**ACTIVITY:**
Output the line that contains "Pro-choice activists rally" together with each line after it, through the final line of the listing below, word for word; omit pictures.

**DATA BELOW:**
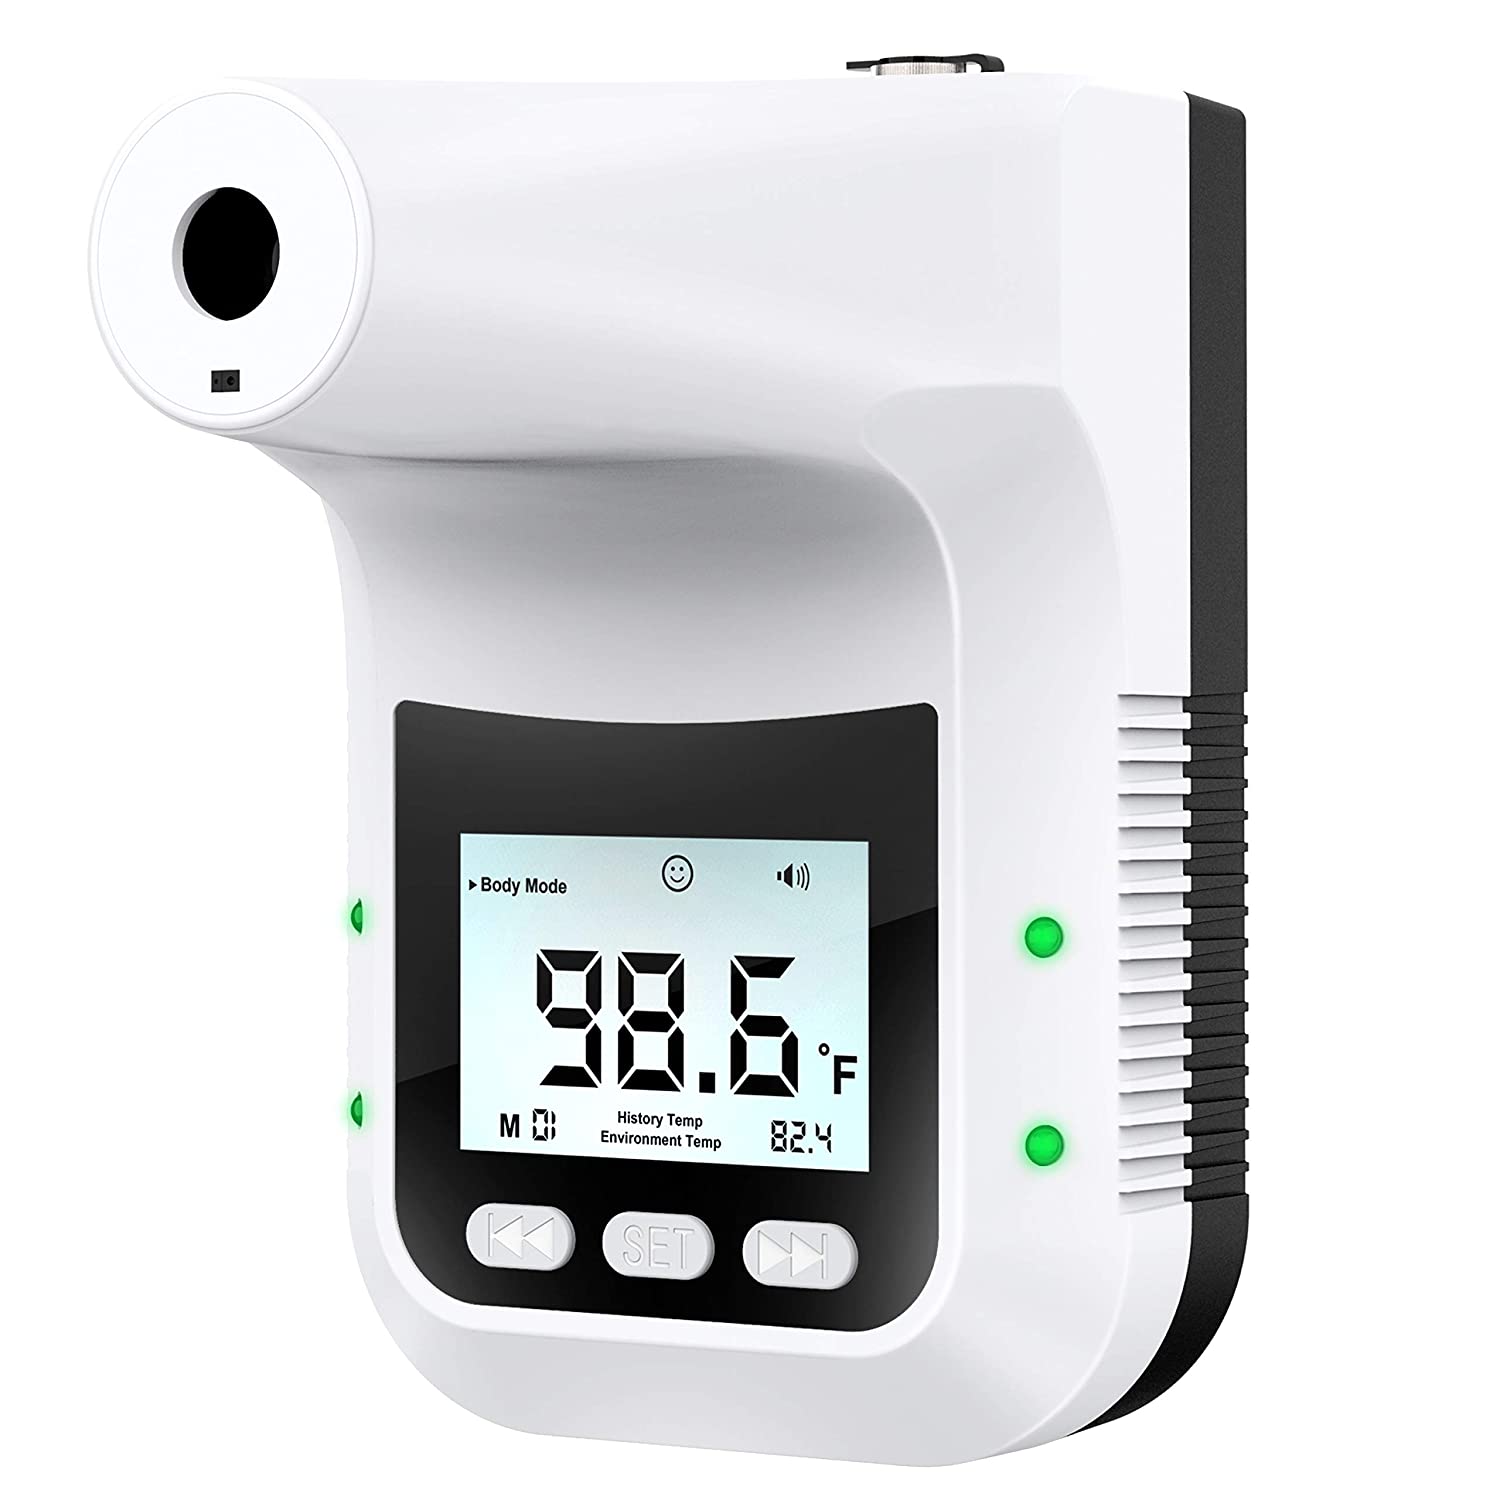 Wall Mounted Infrared Thermometer for Non-Contact Forehead 0.5s Quick Test with Large LCD Display Fever Alarm for Office/Company/Factory/Shop/School/Restaurant 
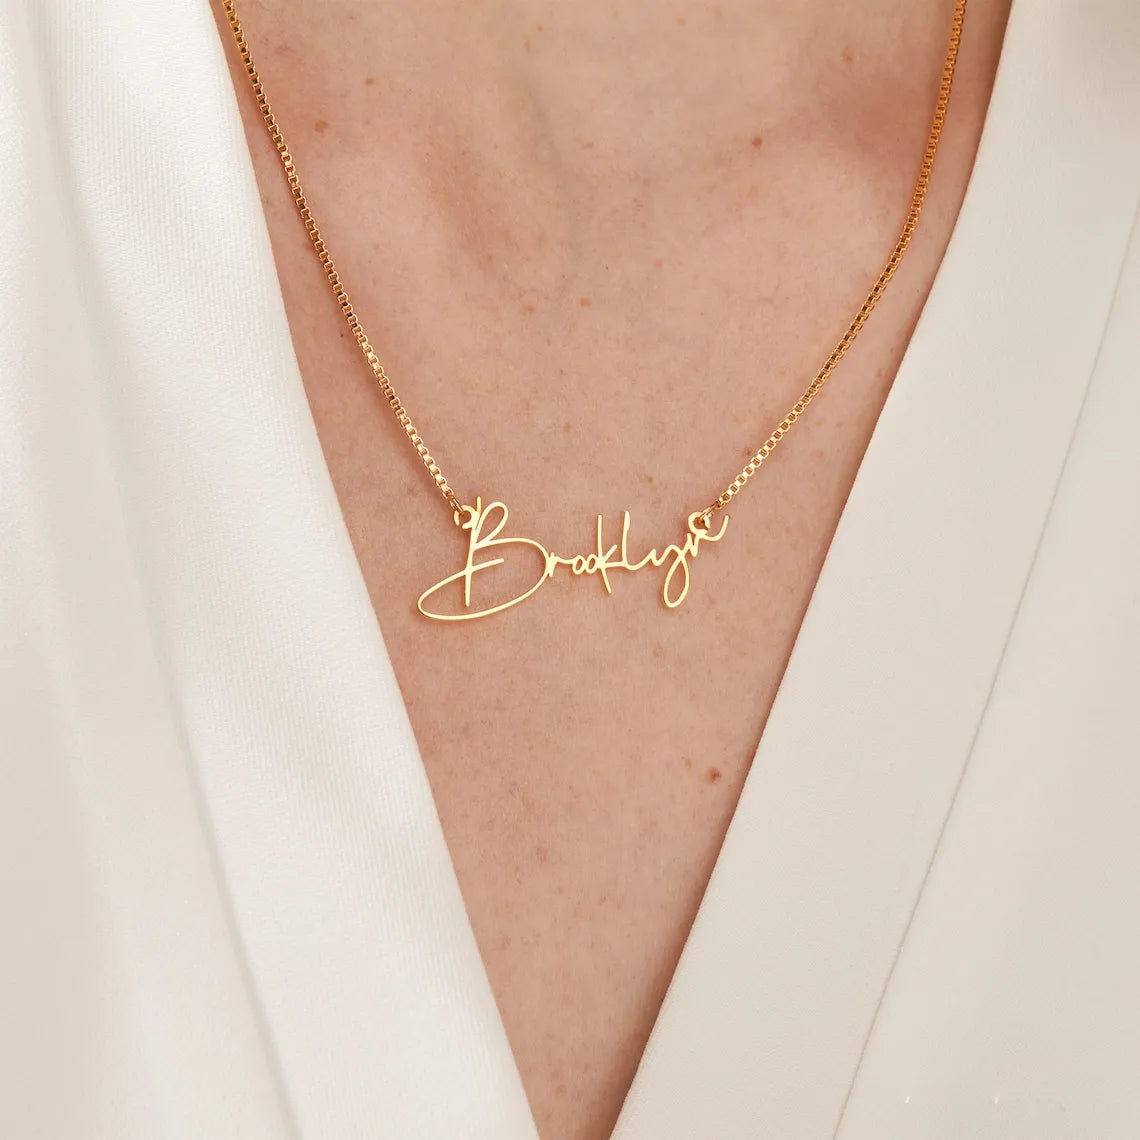 Exquisite 18K Rose Gold Plated - Personalized Name Necklace
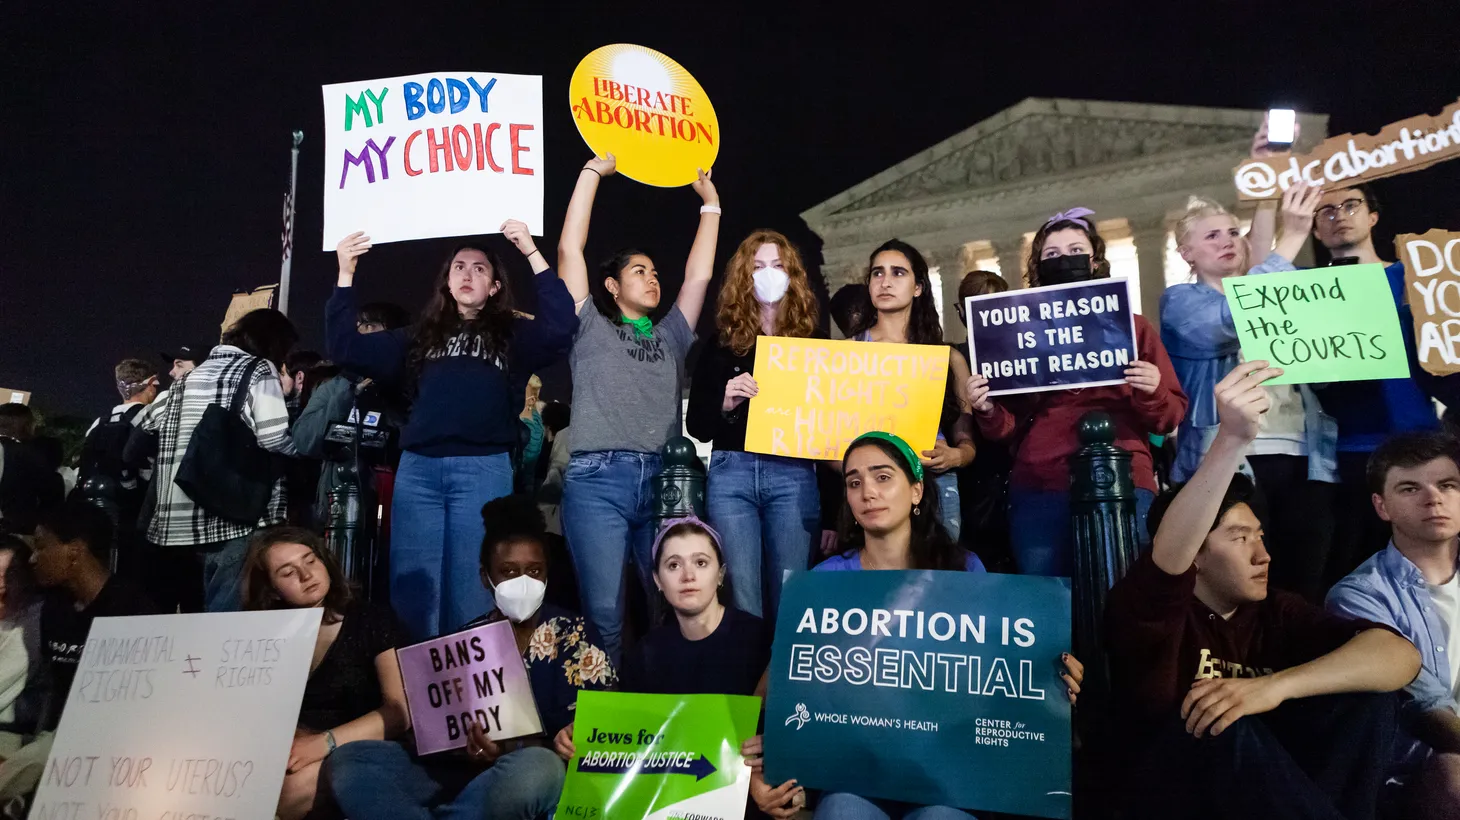 Pro-choice activists rally at the Supreme Court just hours after Politico reported on the high court’s draft opinion of overturning Roe v. Wade, May 2, 2022.
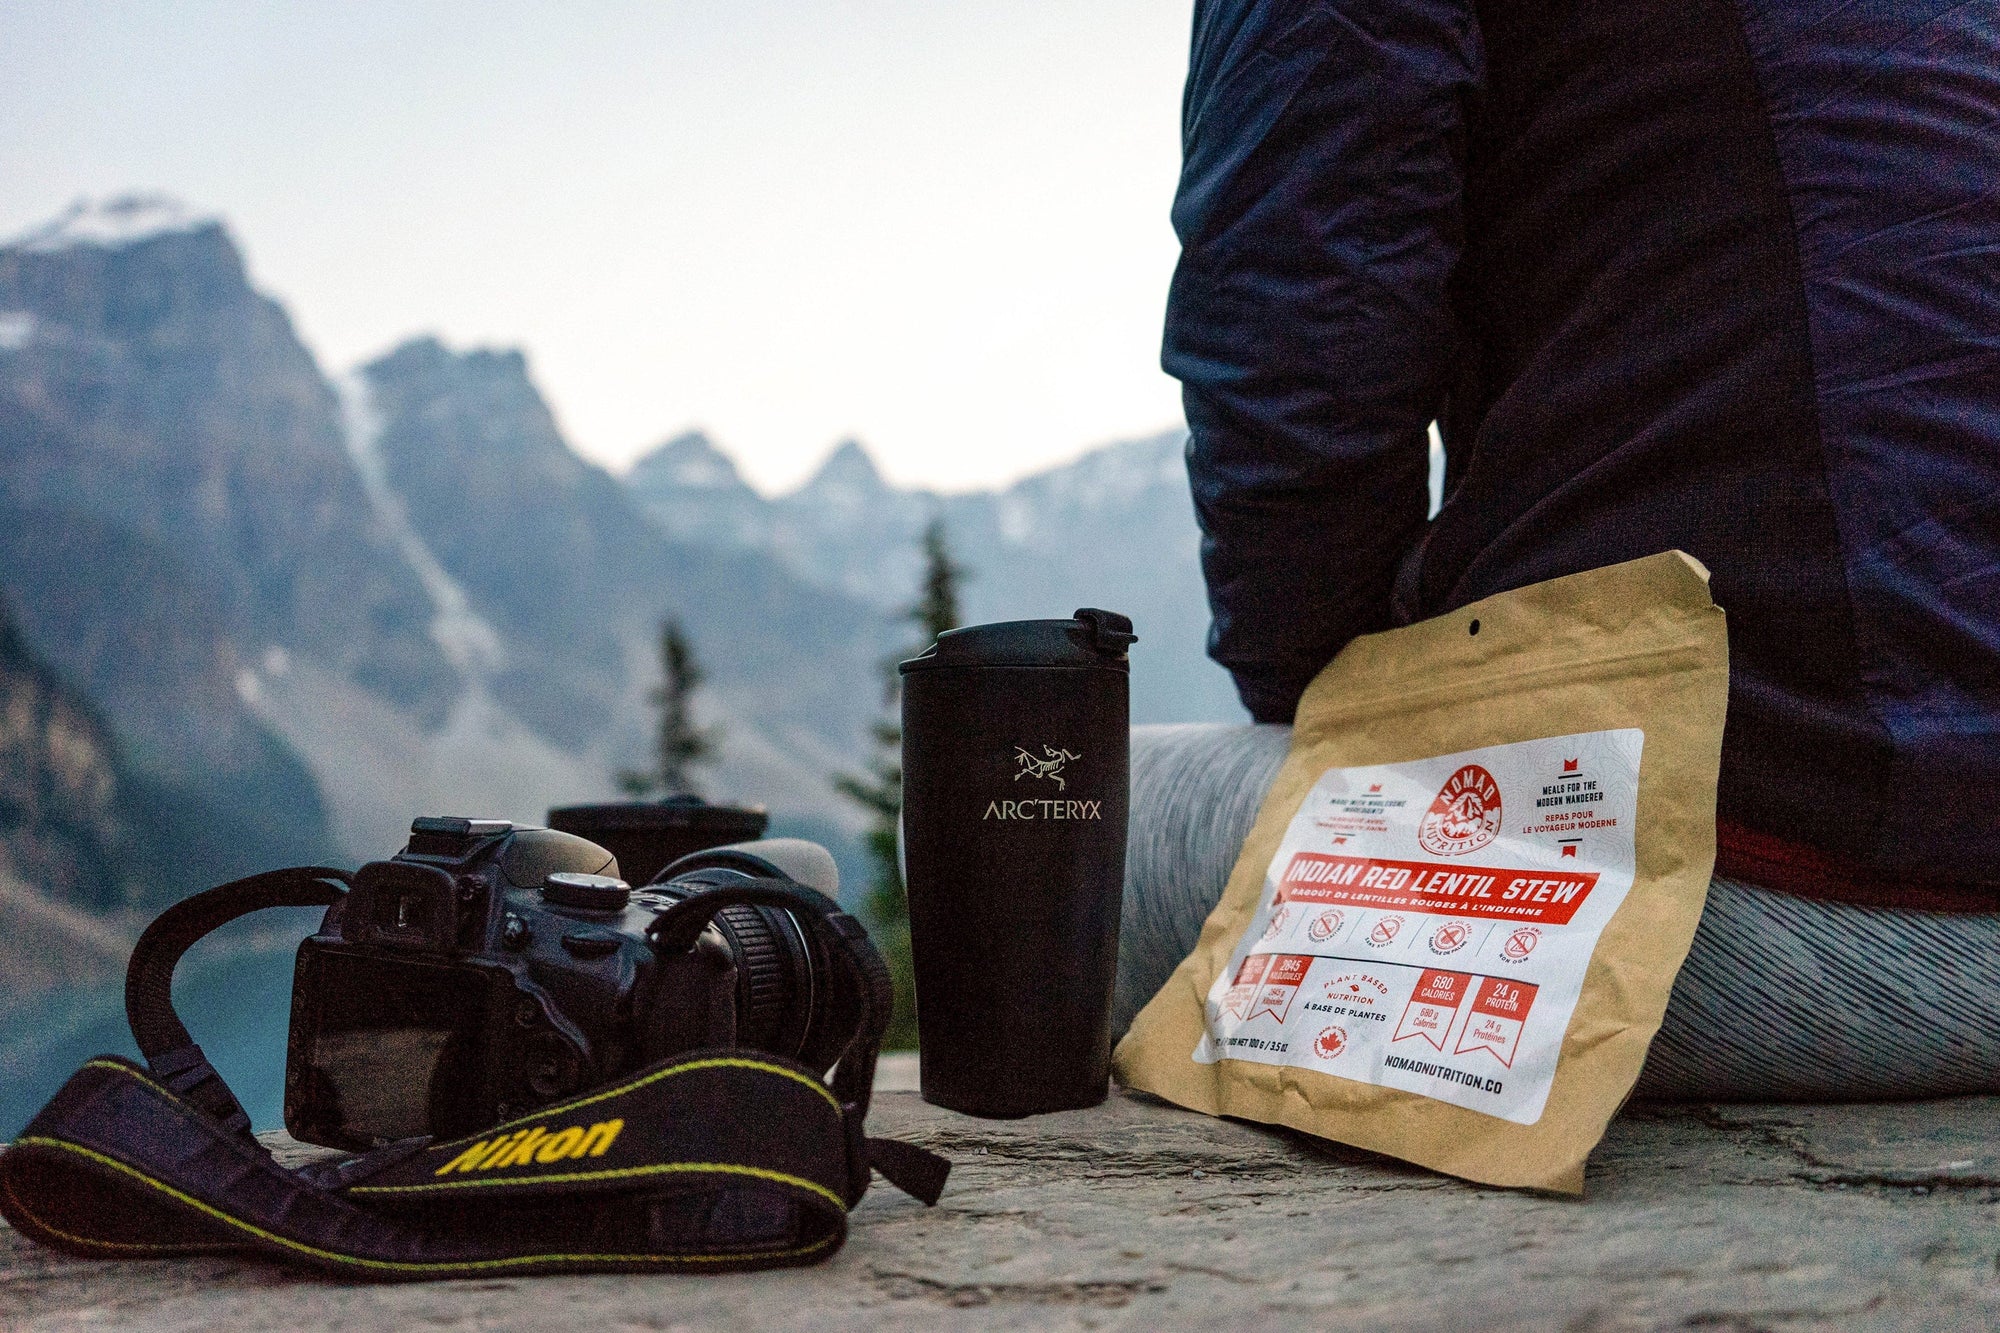 Nomad Nutrition Indian Red Lentil Stew 112g or 4oz meal size next to person, thermos, and camera. Scene overlooking blue lake and snow capped mountains. Convenient size for travelling.

**ANSWER TO THIS EXERCISE:**
 Pro-choice activists rally at the Supreme Court just hours after Politico reported on the high court’s draft opinion of overturning Roe v. Wade, May 2, 2022.
 Nomad Nutrition Indian Red Lentil Stew 112g or 4oz meal size next to person, thermos, and camera. Scene overlooking blue lake and snow capped mountains. Convenient size for travelling.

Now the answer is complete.